HRS § 505.5
Revision Note
Only the subsection amended is compiled in this Supplement.
RULE 505.5 COMMENTARY
This rule, which resembles victim-counselor privilege provisions now in existence in some twenty states, e.g., Cal. Evid. Code §§1035 through 1037.7 (1992), encourages and protects the counseling of emotionally distressed victims of violent crimes by according privilege status to confidential communications made in the course of the counseling process. In adopting a similar law, N.J. Stat. Ann. §2A:84A-22.13 and 22.15 (1991), the New Jersey Legislature declared that the "counseling of victims is most successful when the victims are assured [that] their thoughts and feelings will remain confidential and will not be disclosed without their permission." The present provision proceeds upon just such a policy basis.

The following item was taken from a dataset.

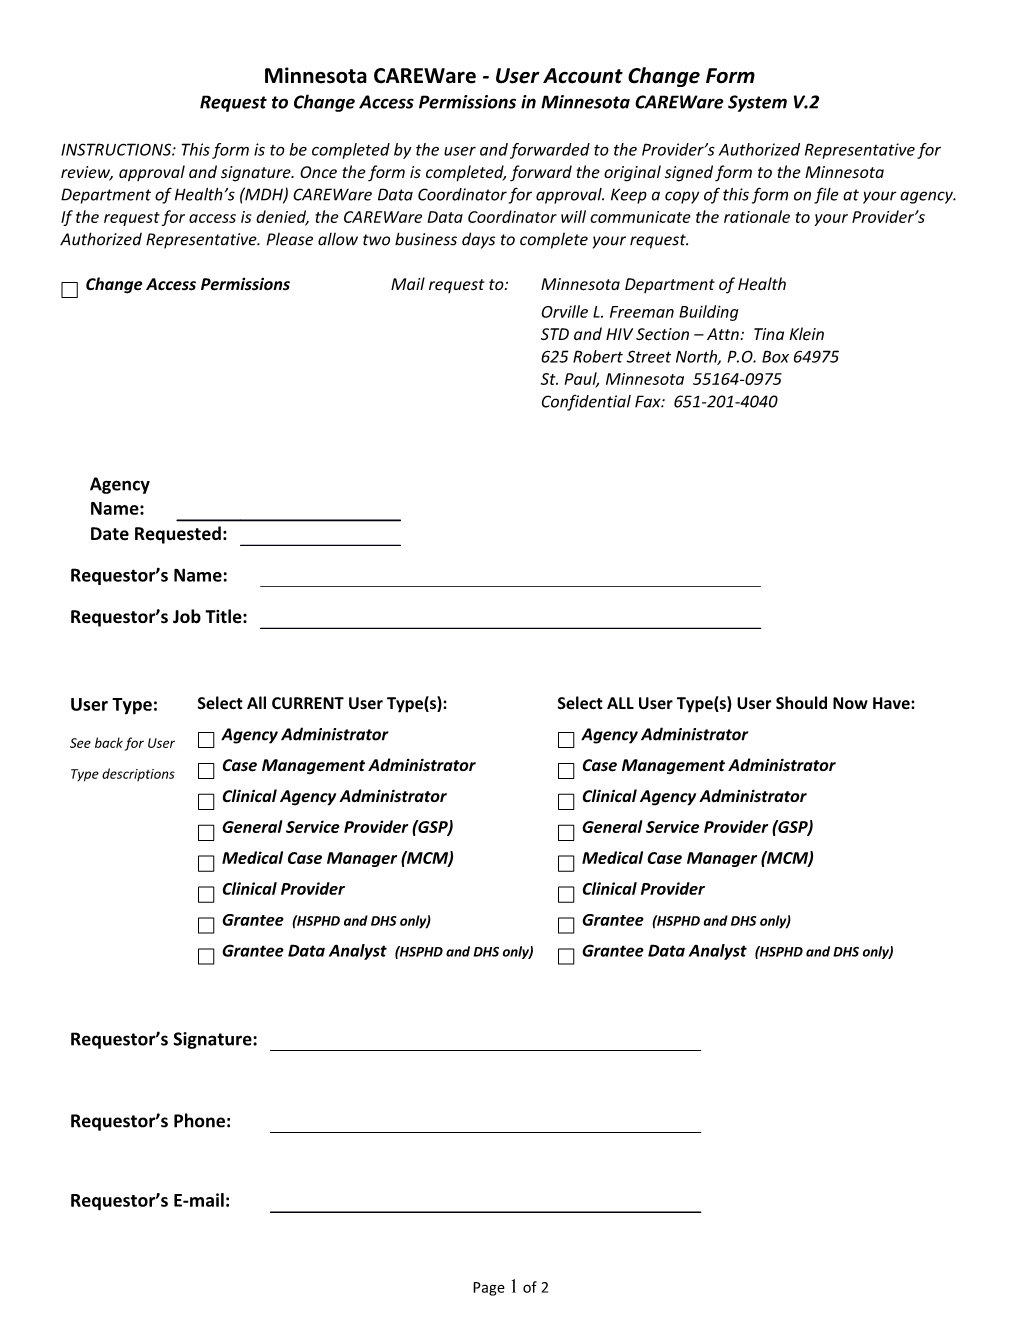 INSTRUCTIONS: This Form Is to Be Completed by the User S Supervisor and Forwarded to The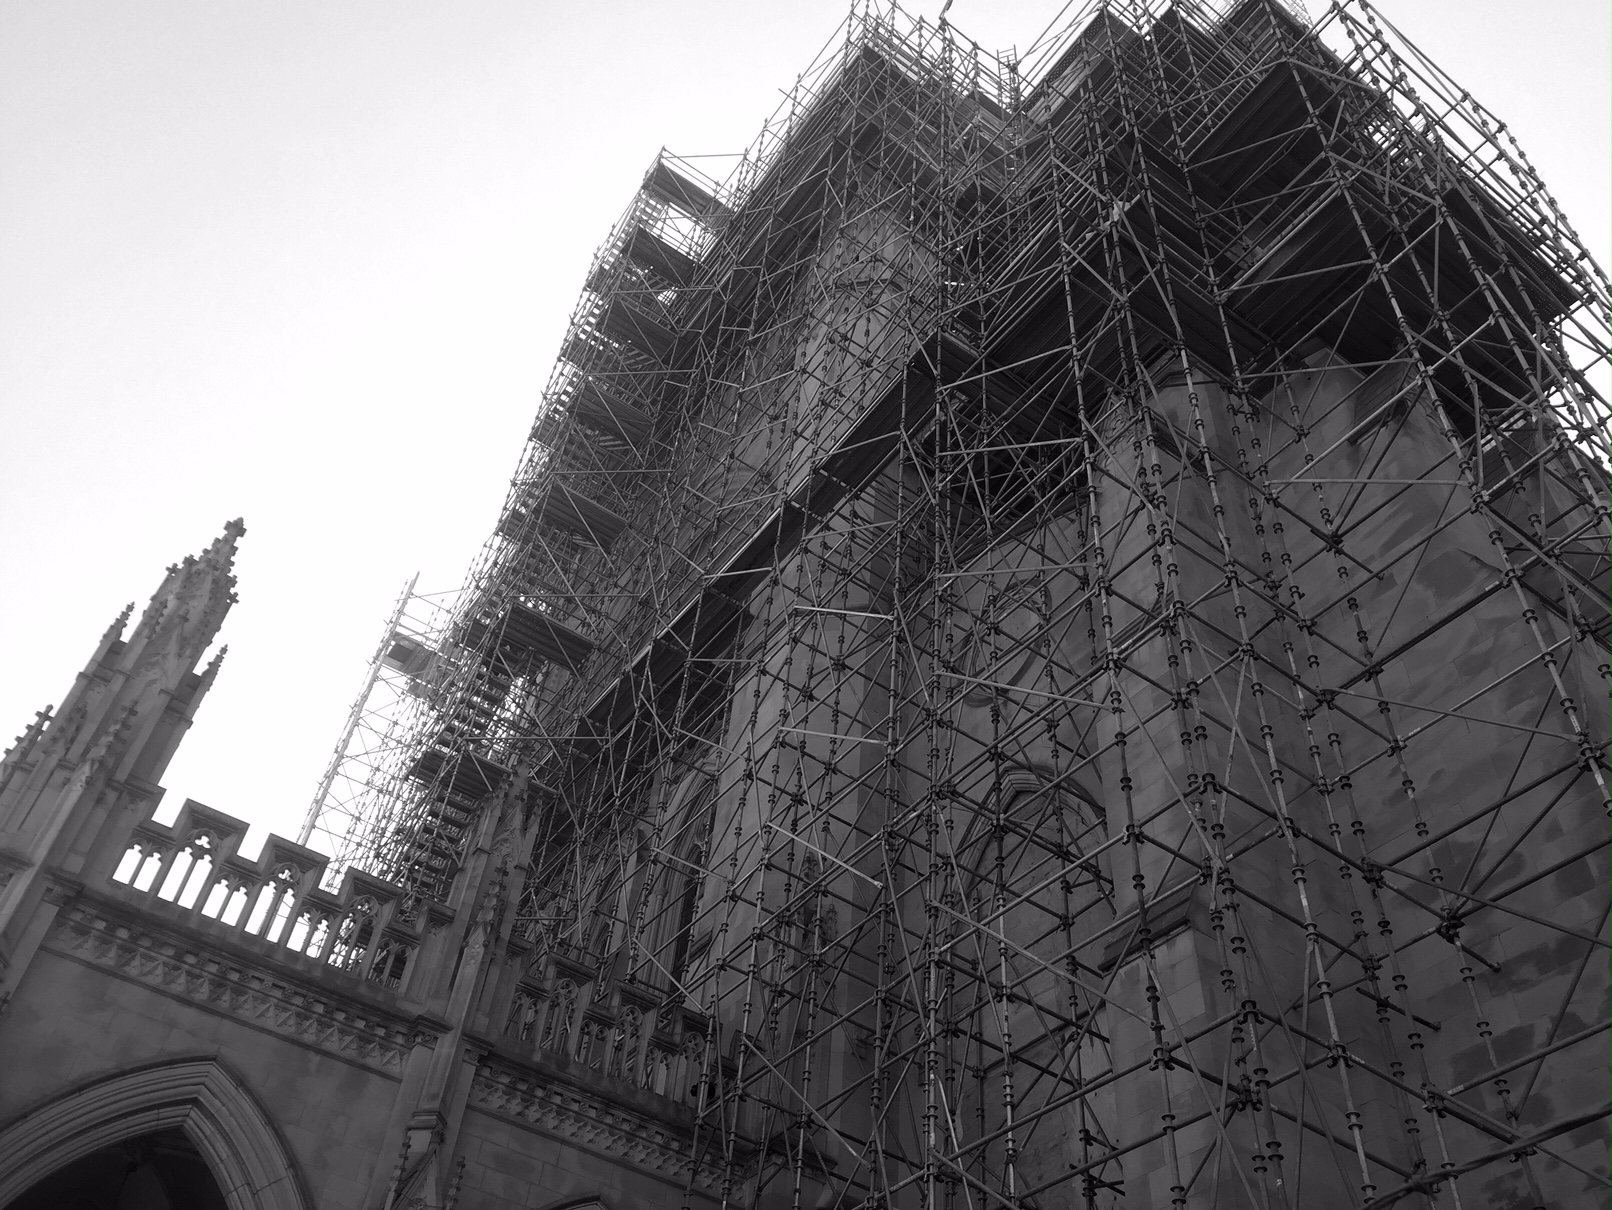 As a religious organization, the National Cathedral relies on private donations, but needs $20 million to complete the restoration. (WTOP/Neal Augenstein)

RULE 505.5 SUPPLEMENTAL COMMENTARY
The Act 154, Session Laws 2008 amendment replaced the term "dependent adult" with the term "vulnerable adult" in subsection (d)(4), with reference to chapter 346, part X. Act 154 amended chapter 346, part X, by, among other things, expanding the category of adults eligible for adult protective services by replacing the term "dependent adult" with the less restrictive term "vulnerable adult".
Law Journals and Reviews
Empowering Battered Women: Changes in Domestic Violence Laws in Hawai`i. 17 UH L. Rev. 575.
When a statutory privilege interferes with a defendant's constitutional right to cross-examine, then, upon a sufficient showing by the defendant, the witness' statutory privilege must, in the interest of the truth-seeking process, bow to the defendant's constitutional rights.101 Haw. 172,65 P.3d 119.